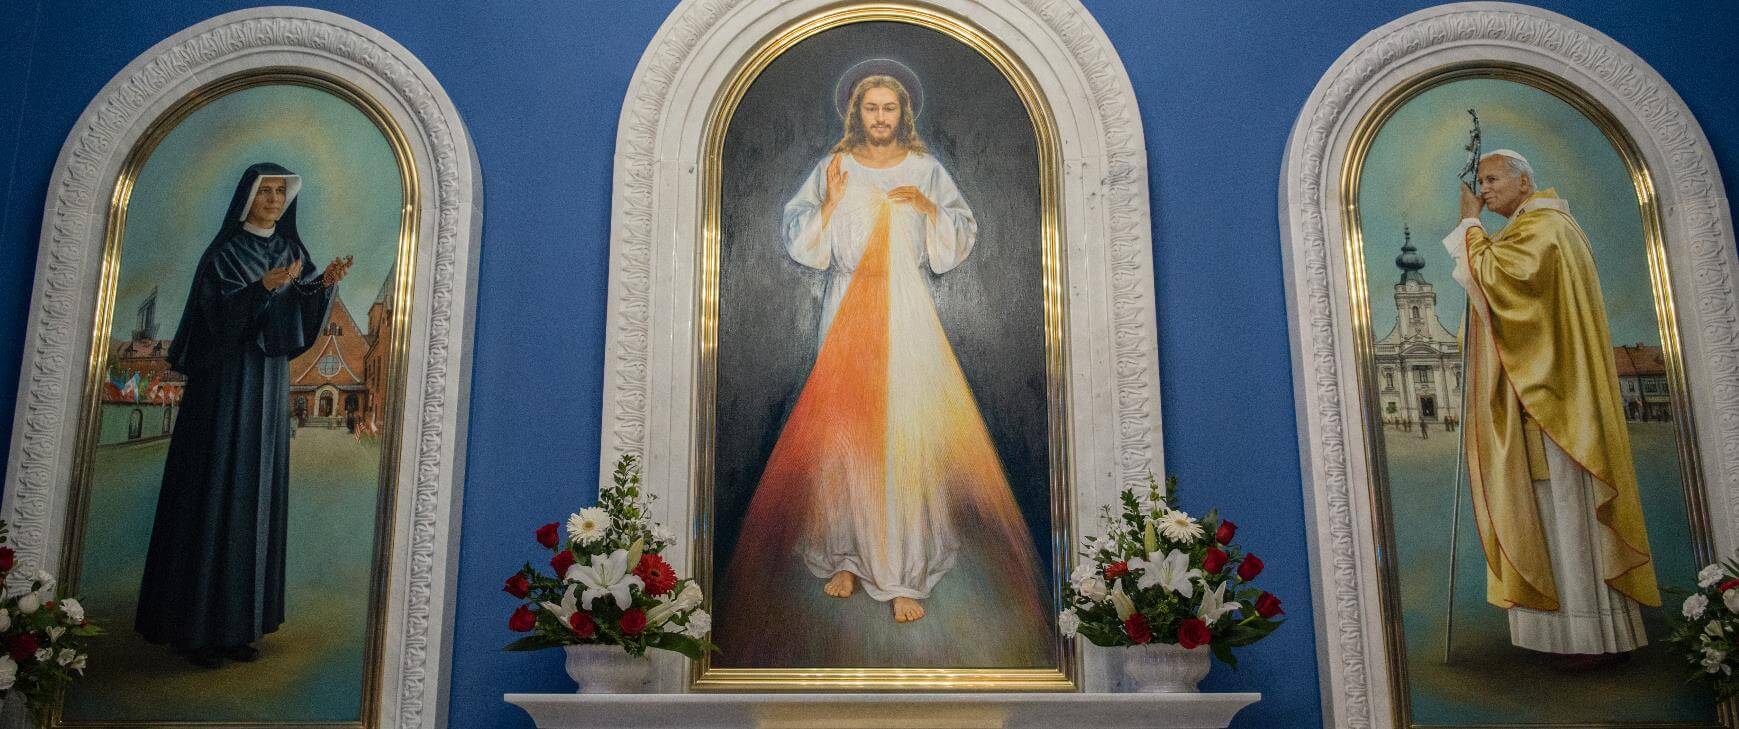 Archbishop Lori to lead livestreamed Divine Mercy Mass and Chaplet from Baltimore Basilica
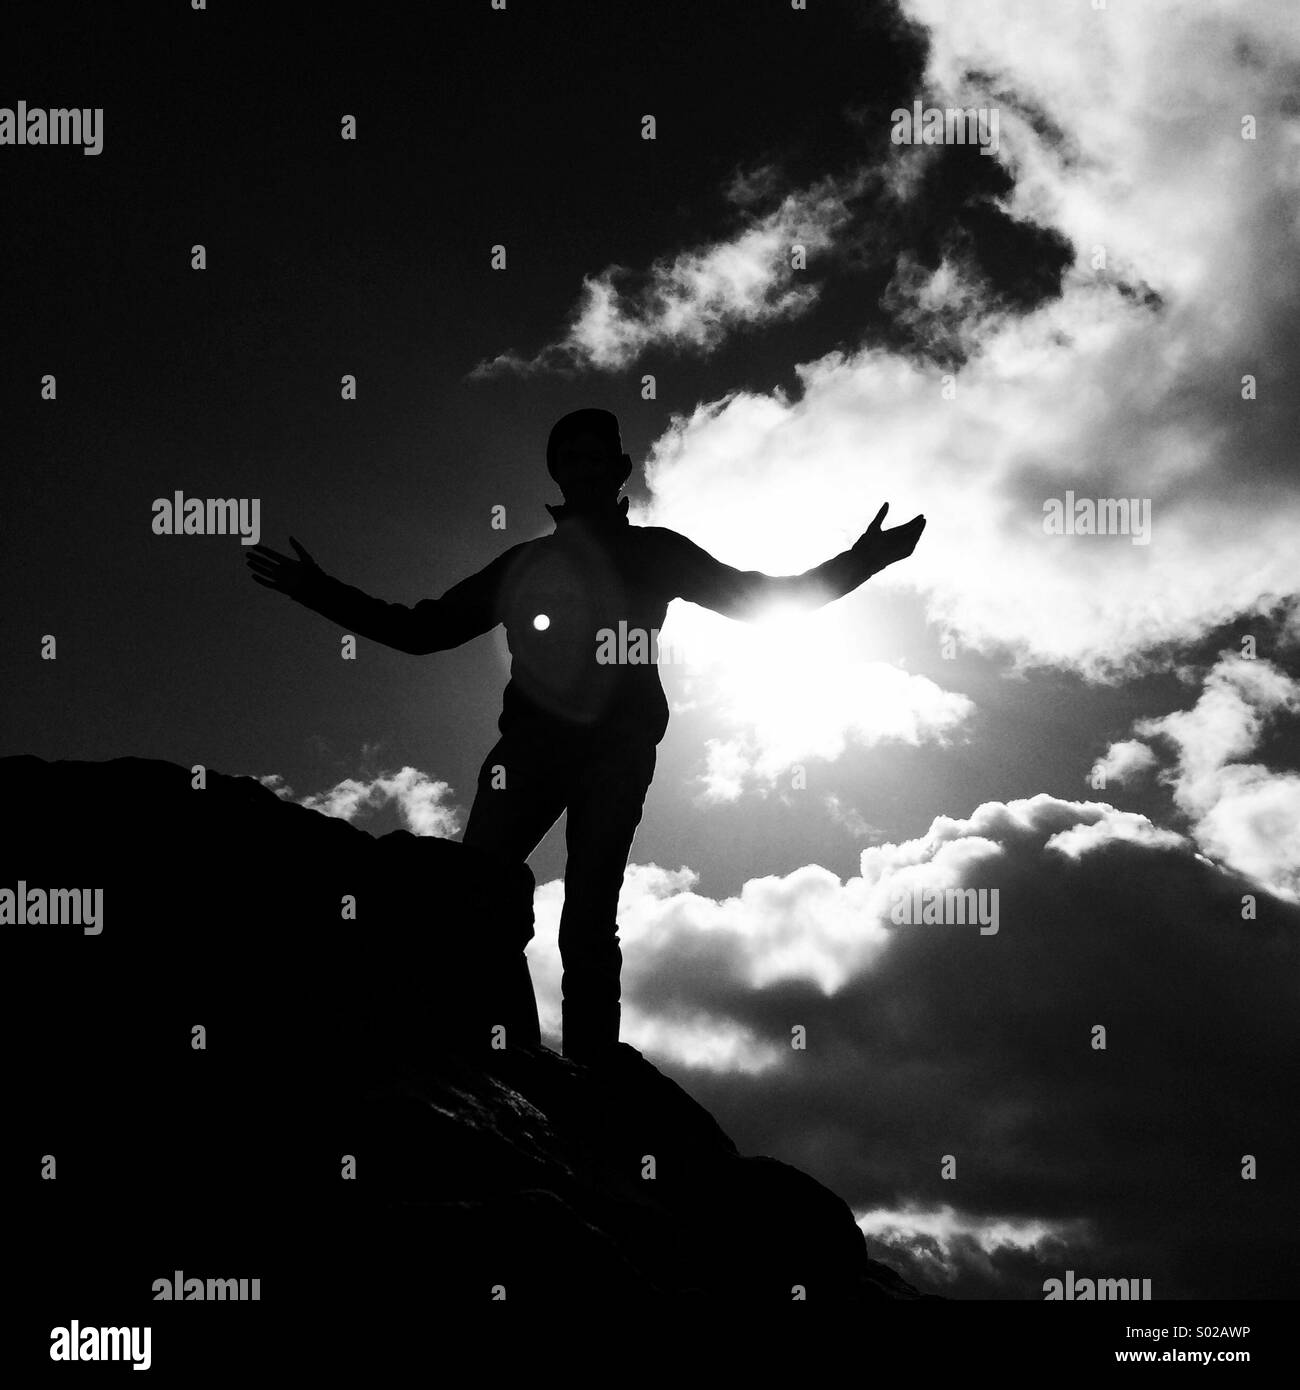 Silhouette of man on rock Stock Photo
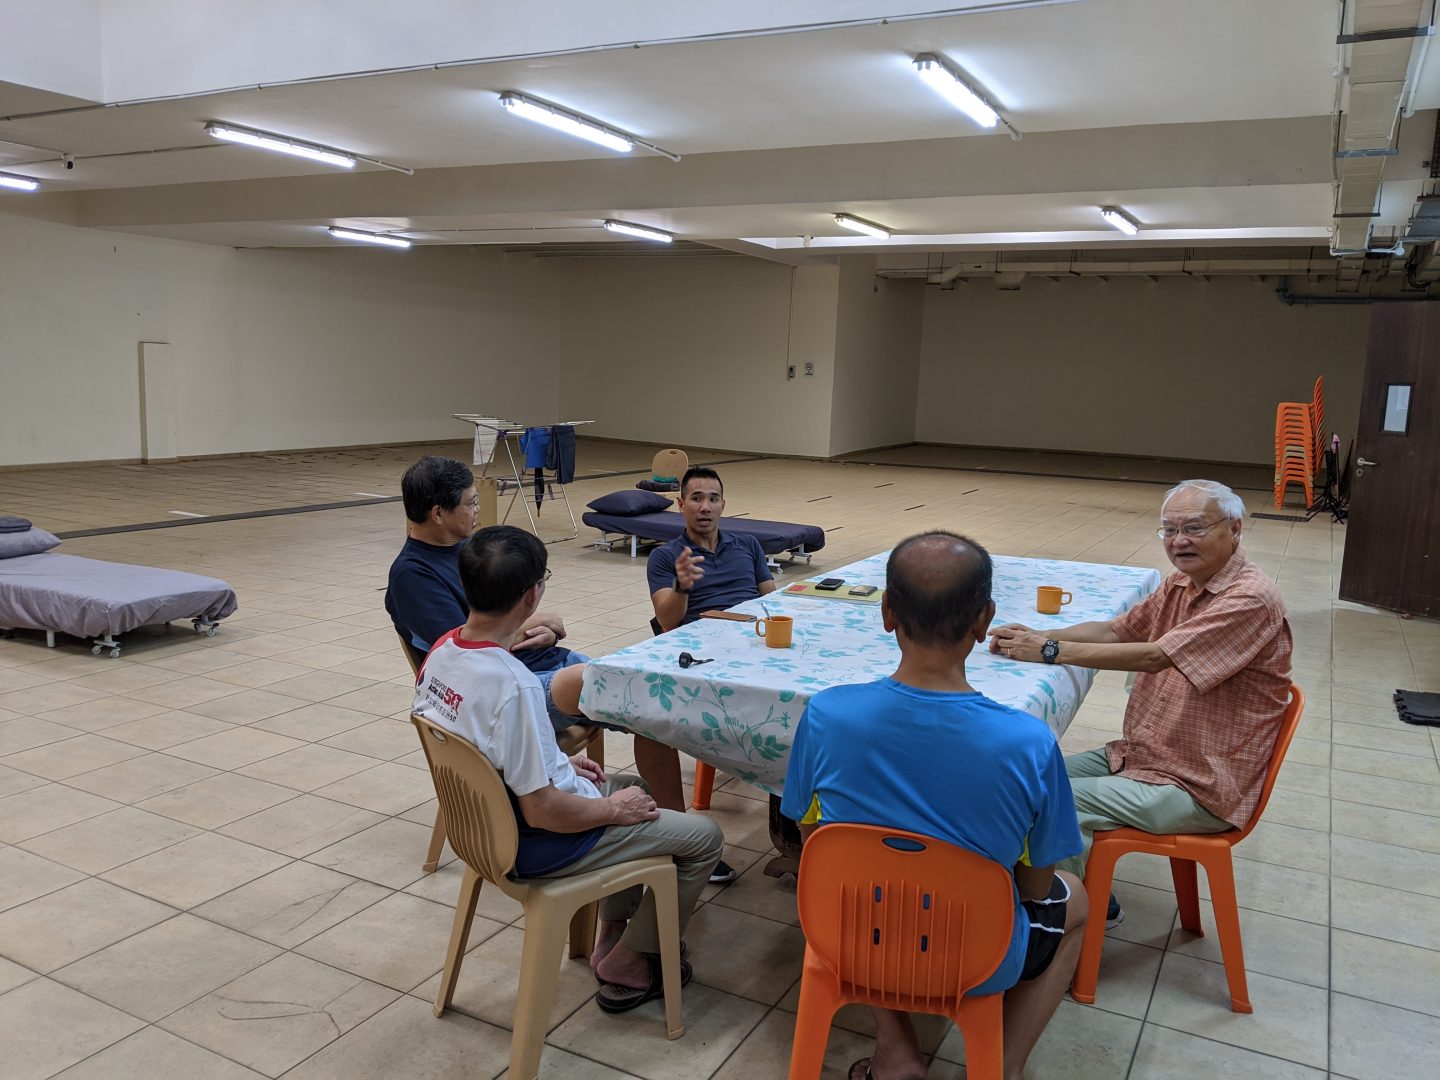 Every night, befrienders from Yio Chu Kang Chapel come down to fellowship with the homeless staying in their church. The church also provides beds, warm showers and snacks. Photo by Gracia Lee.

INSTRUCTIONS TO FOLLOW: Leave out the pictures and repeat the remaining data exactly.

RESPONSE BOX:
 Archbishop Lori to lead livestreamed Divine Mercy Mass and Chaplet from Baltimore Basilica
 Silhouette of man on rock Stock Photo
 Every night, befrienders from Yio Chu Kang Chapel come down to fellowship with the homeless staying in their church. The church also provides beds, warm showers and snacks. Photo by Gracia Lee.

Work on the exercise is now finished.